→ **SUPPLIED MATERIAL**
============================================================

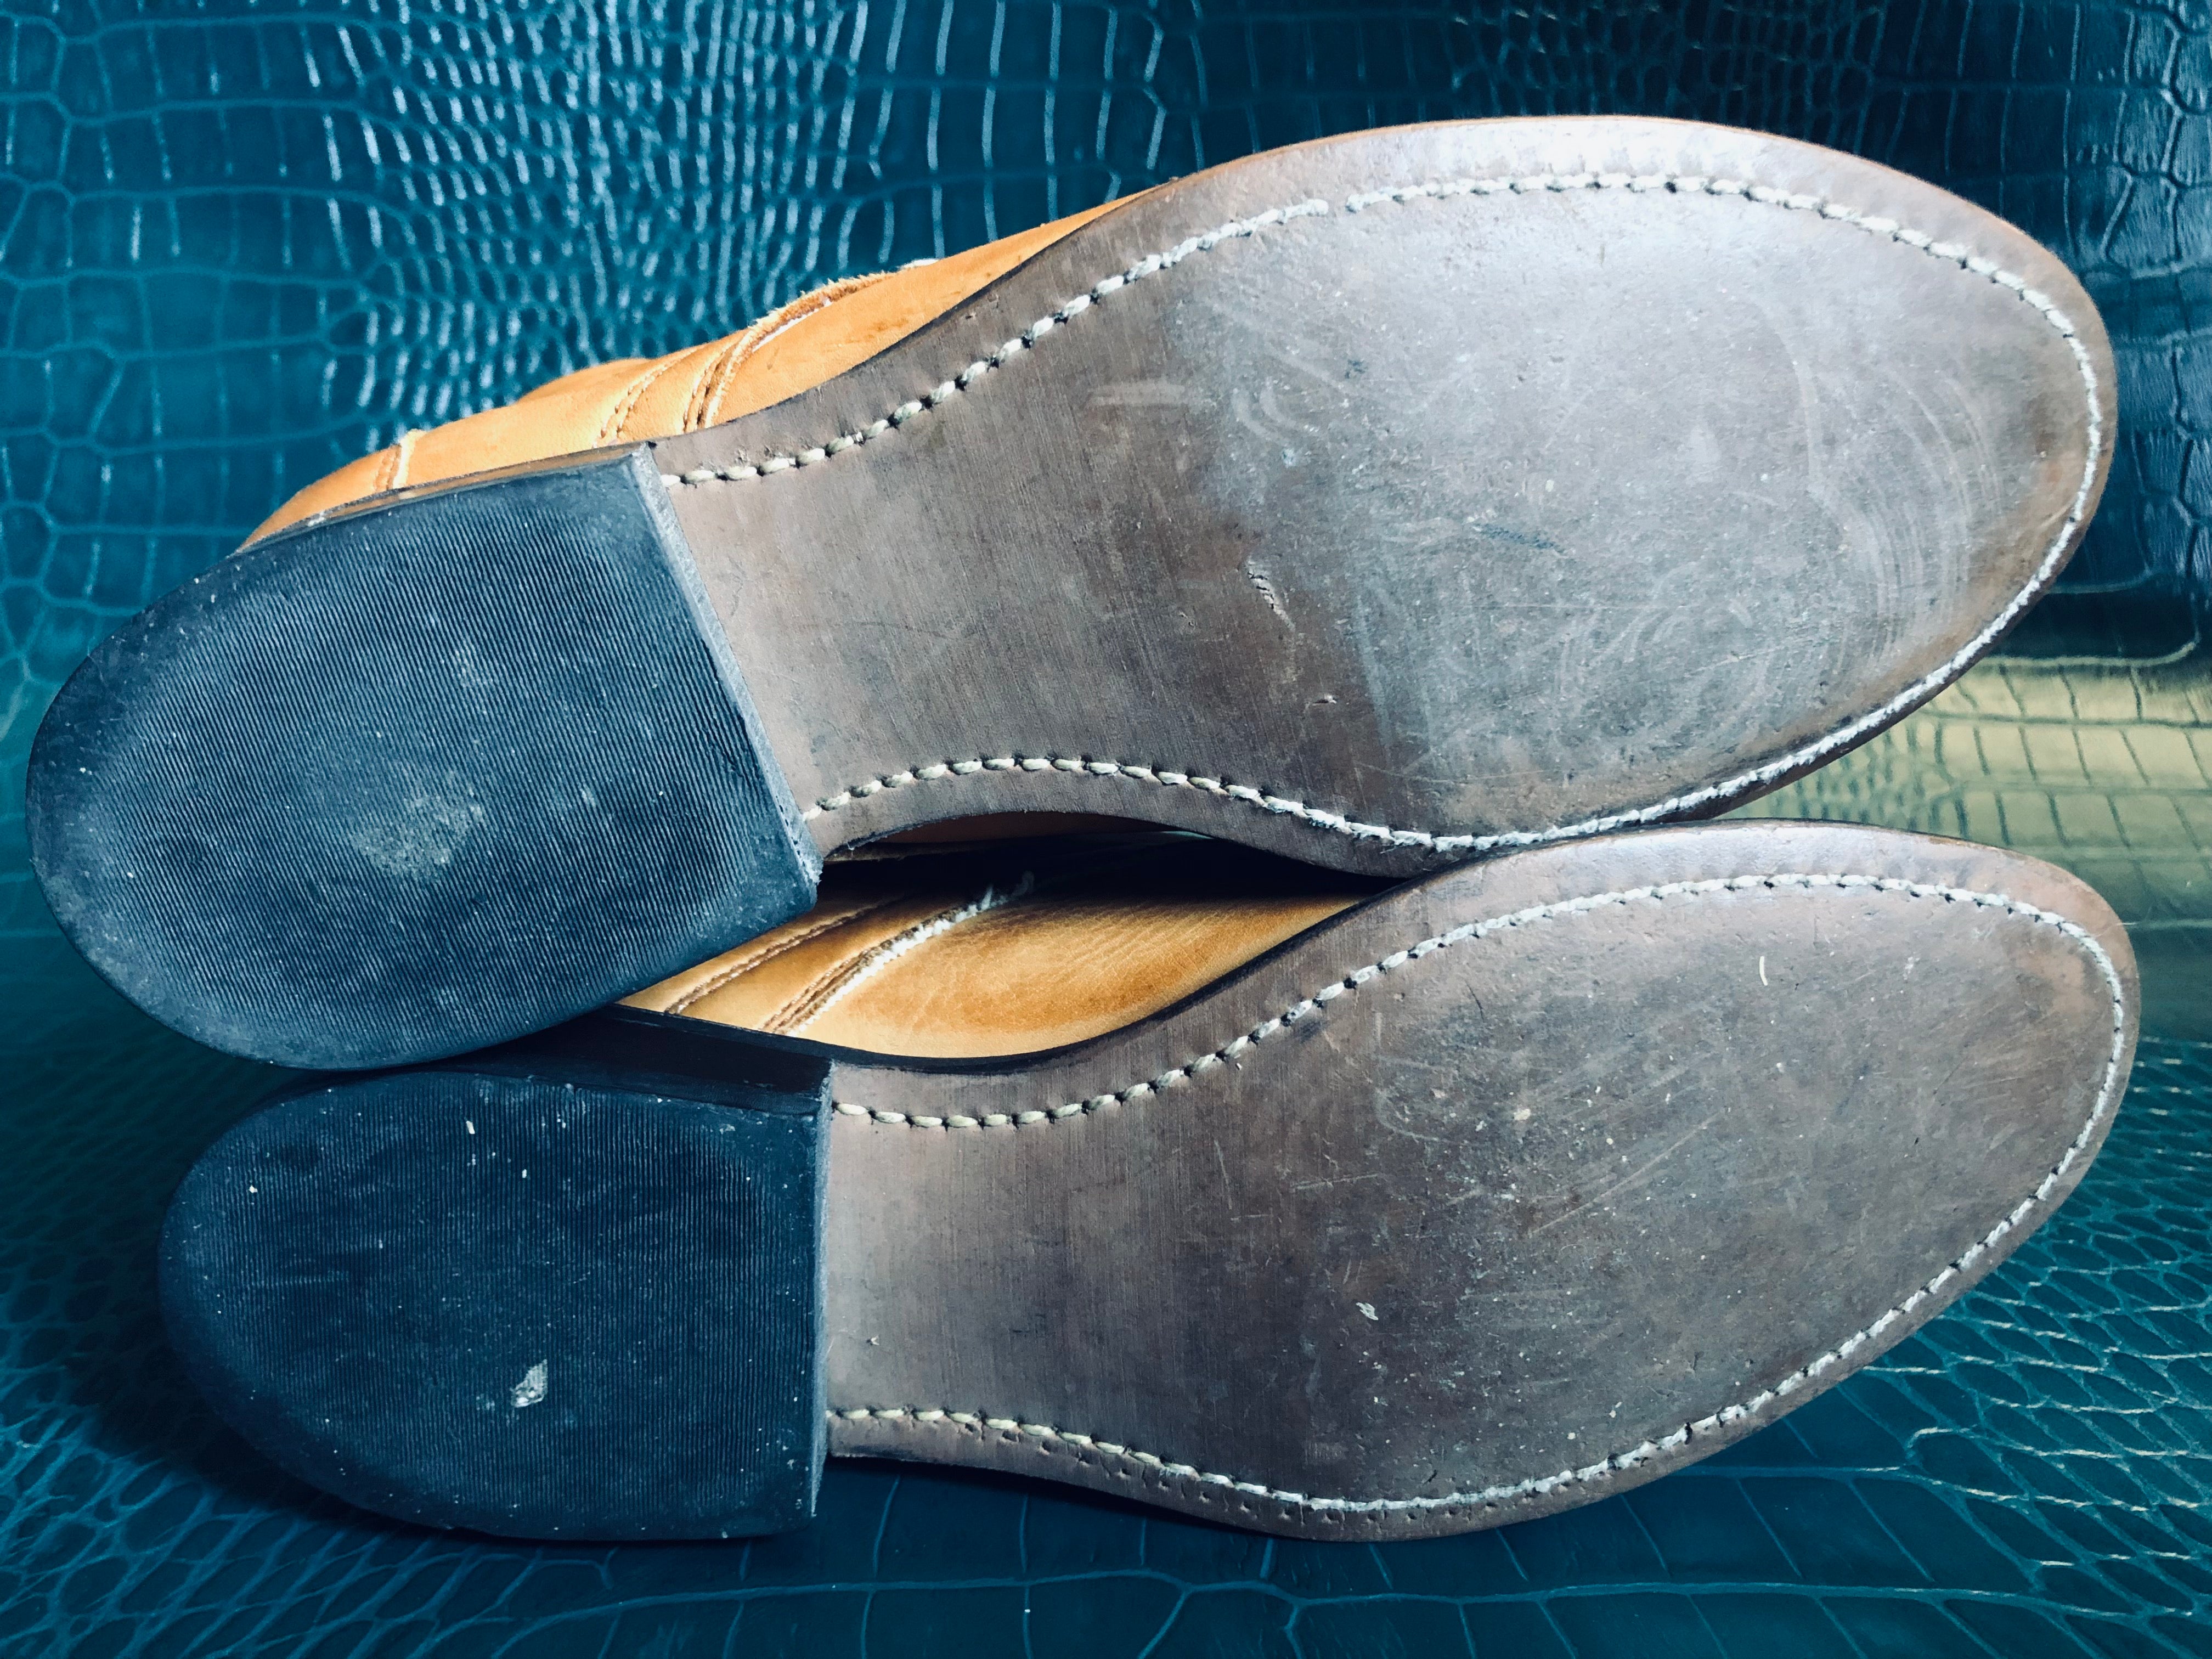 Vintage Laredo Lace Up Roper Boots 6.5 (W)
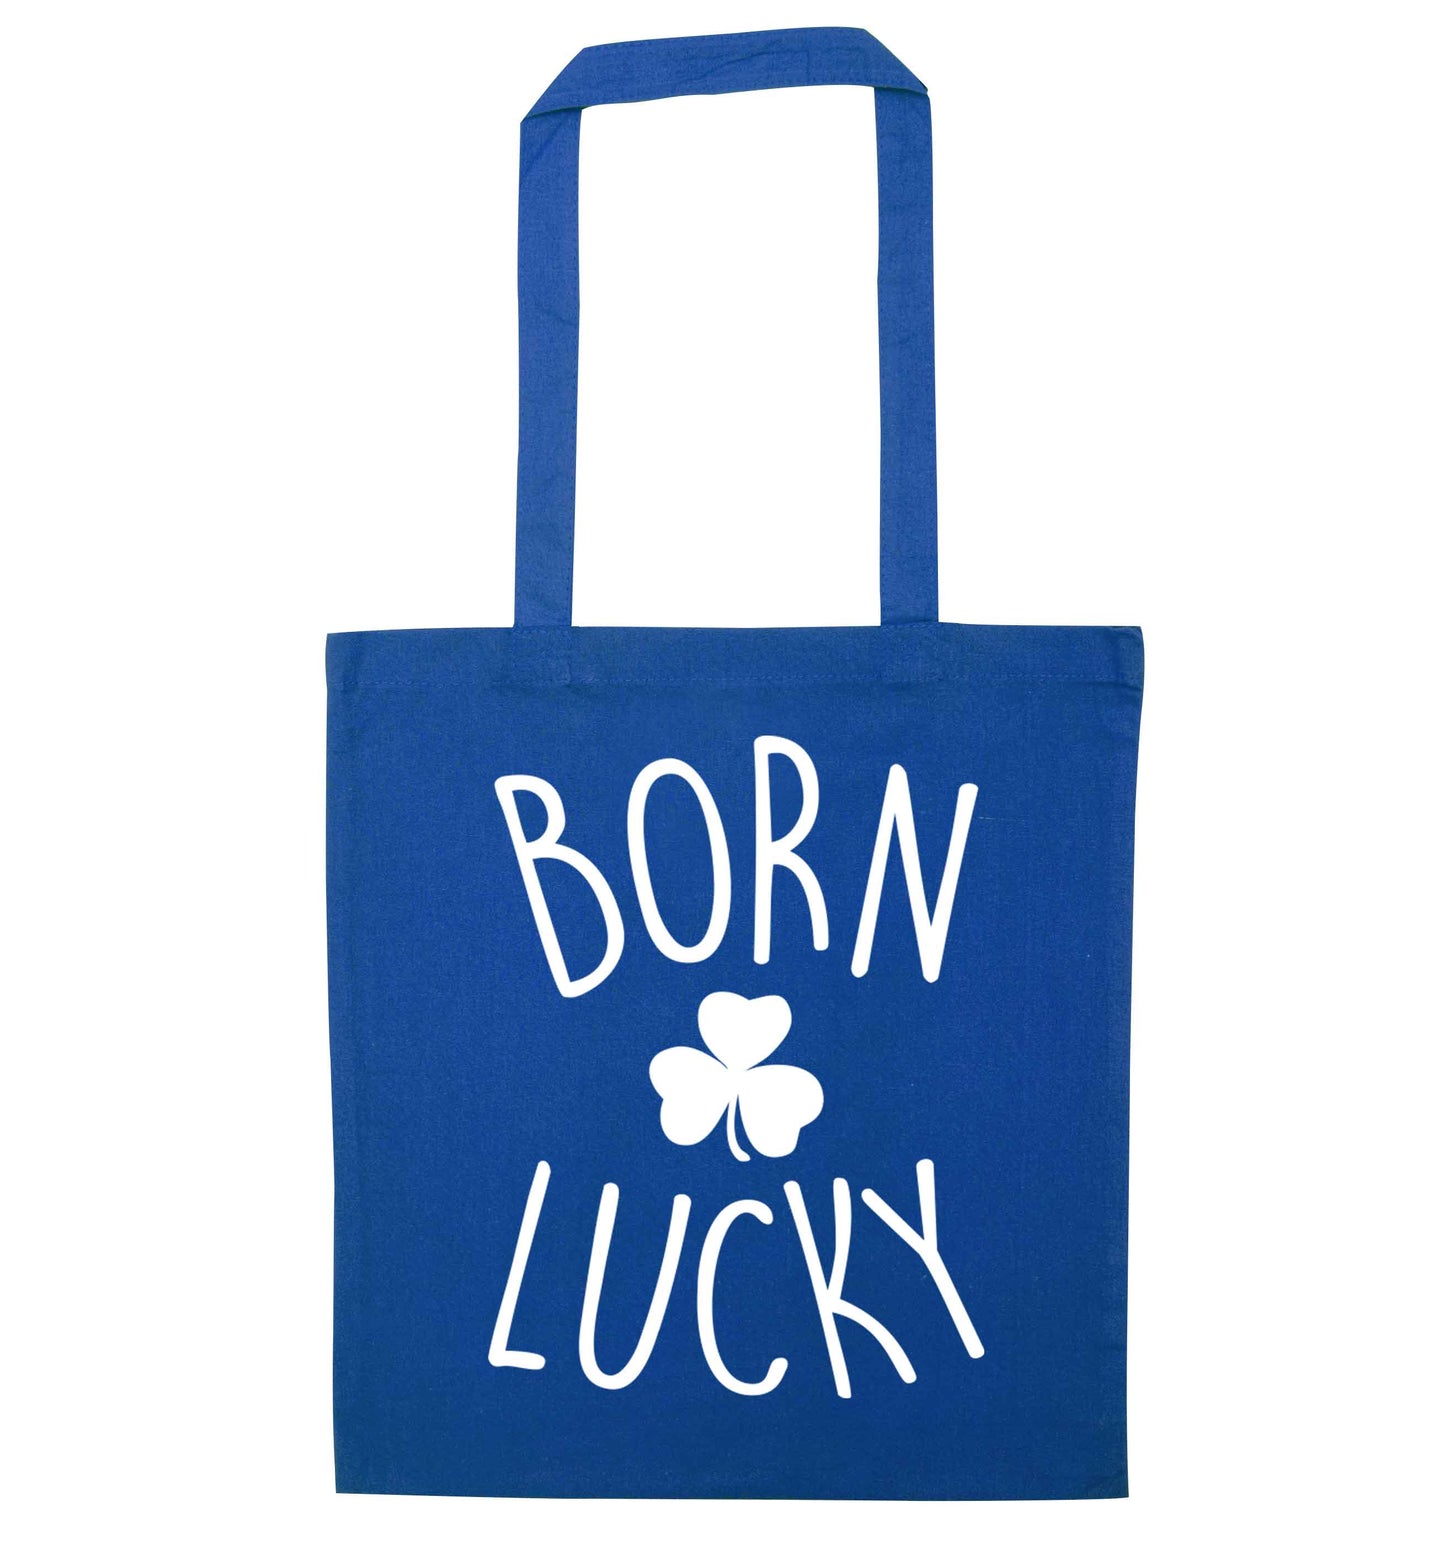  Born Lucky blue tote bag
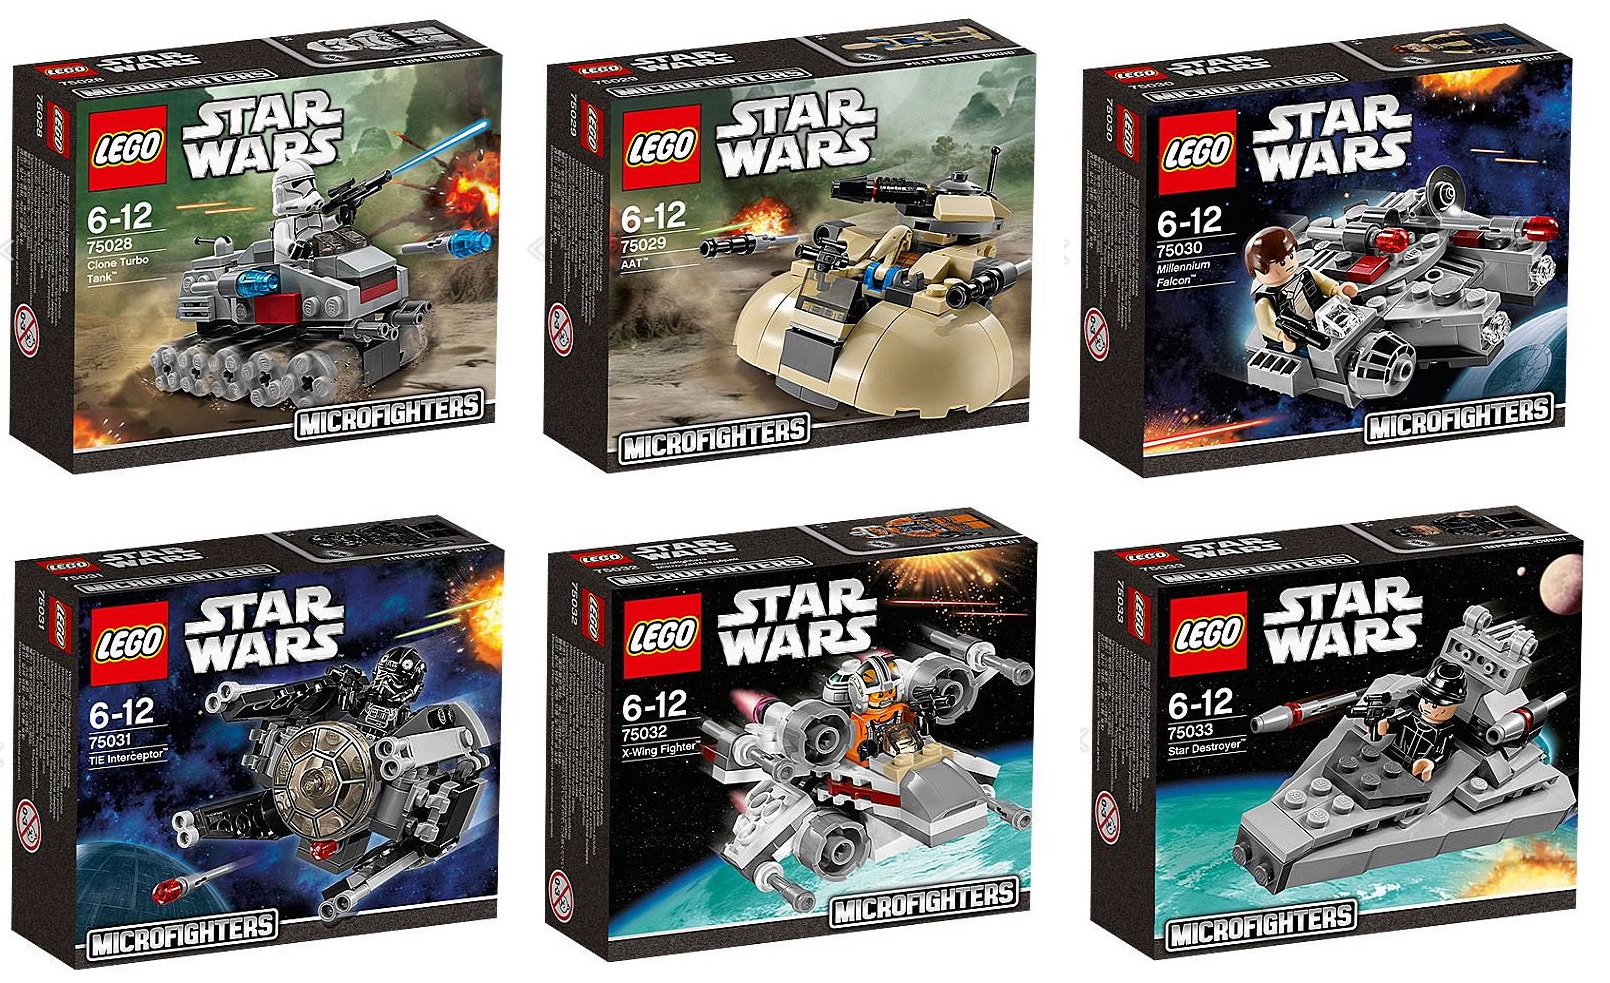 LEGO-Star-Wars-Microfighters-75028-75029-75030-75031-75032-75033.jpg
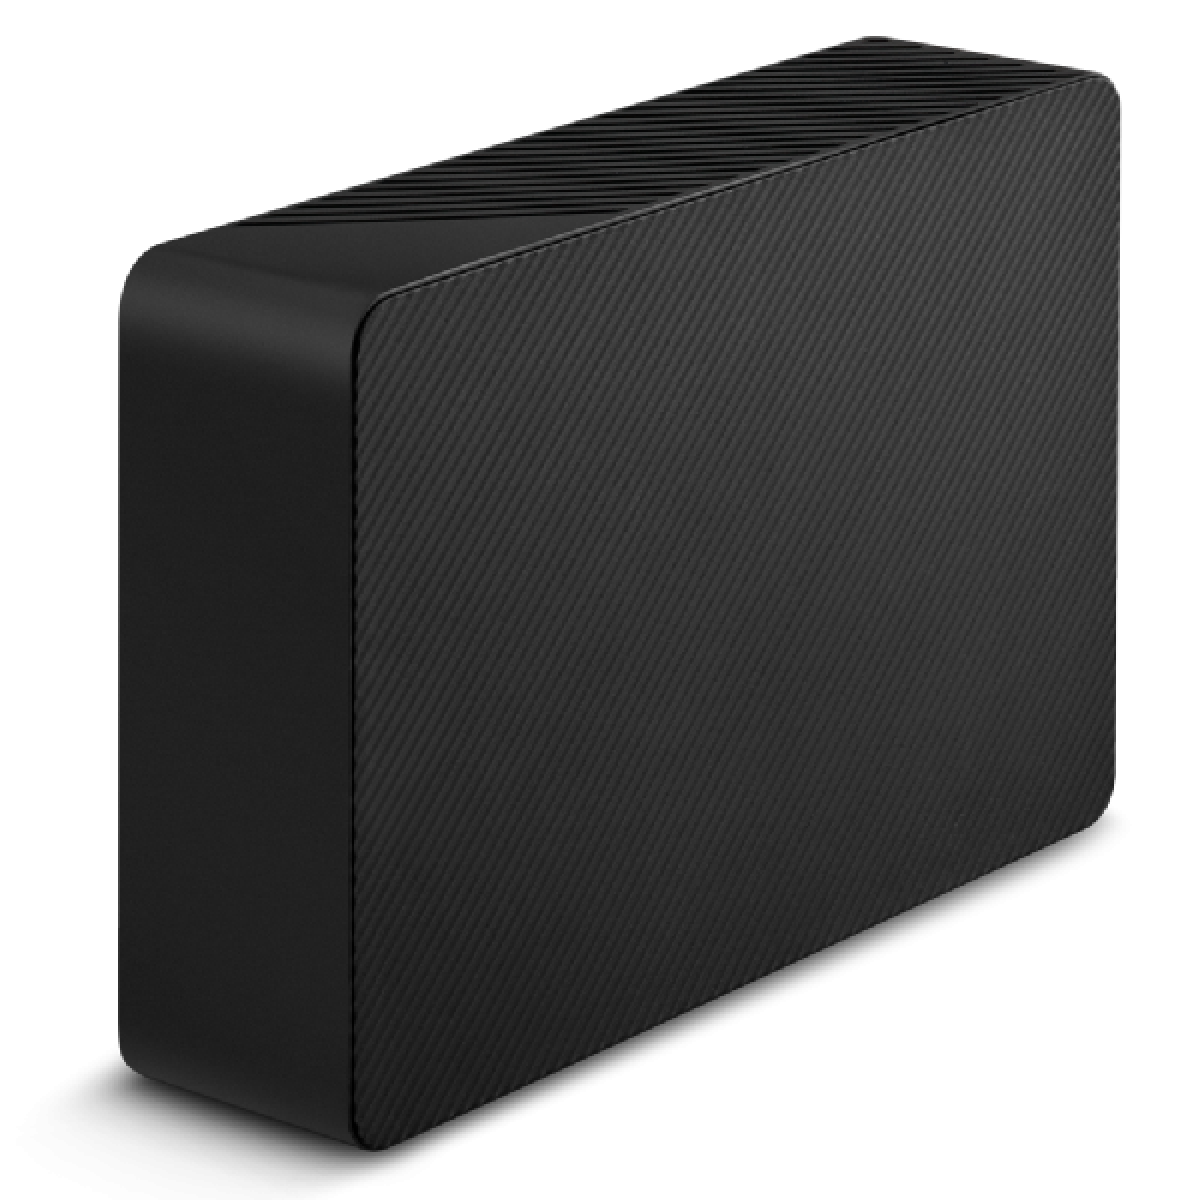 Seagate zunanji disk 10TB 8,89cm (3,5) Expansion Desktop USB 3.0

============================================================

→ **EXERCISE INSTRUCTIONS**
Without any pictures, repeat the listing exactly.

→ **EXERCISE ANSWER**
 Vintage Laredo Lace Up Roper Boots 6.5 (W)
  Born Lucky blue tote bag
 LEGO-Star-Wars-Microfighters-75028-75029-75030-75031-75032-75033.jpg
 Seagate zunanji disk 10TB 8,89cm (3,5) Expansion Desktop USB 3.0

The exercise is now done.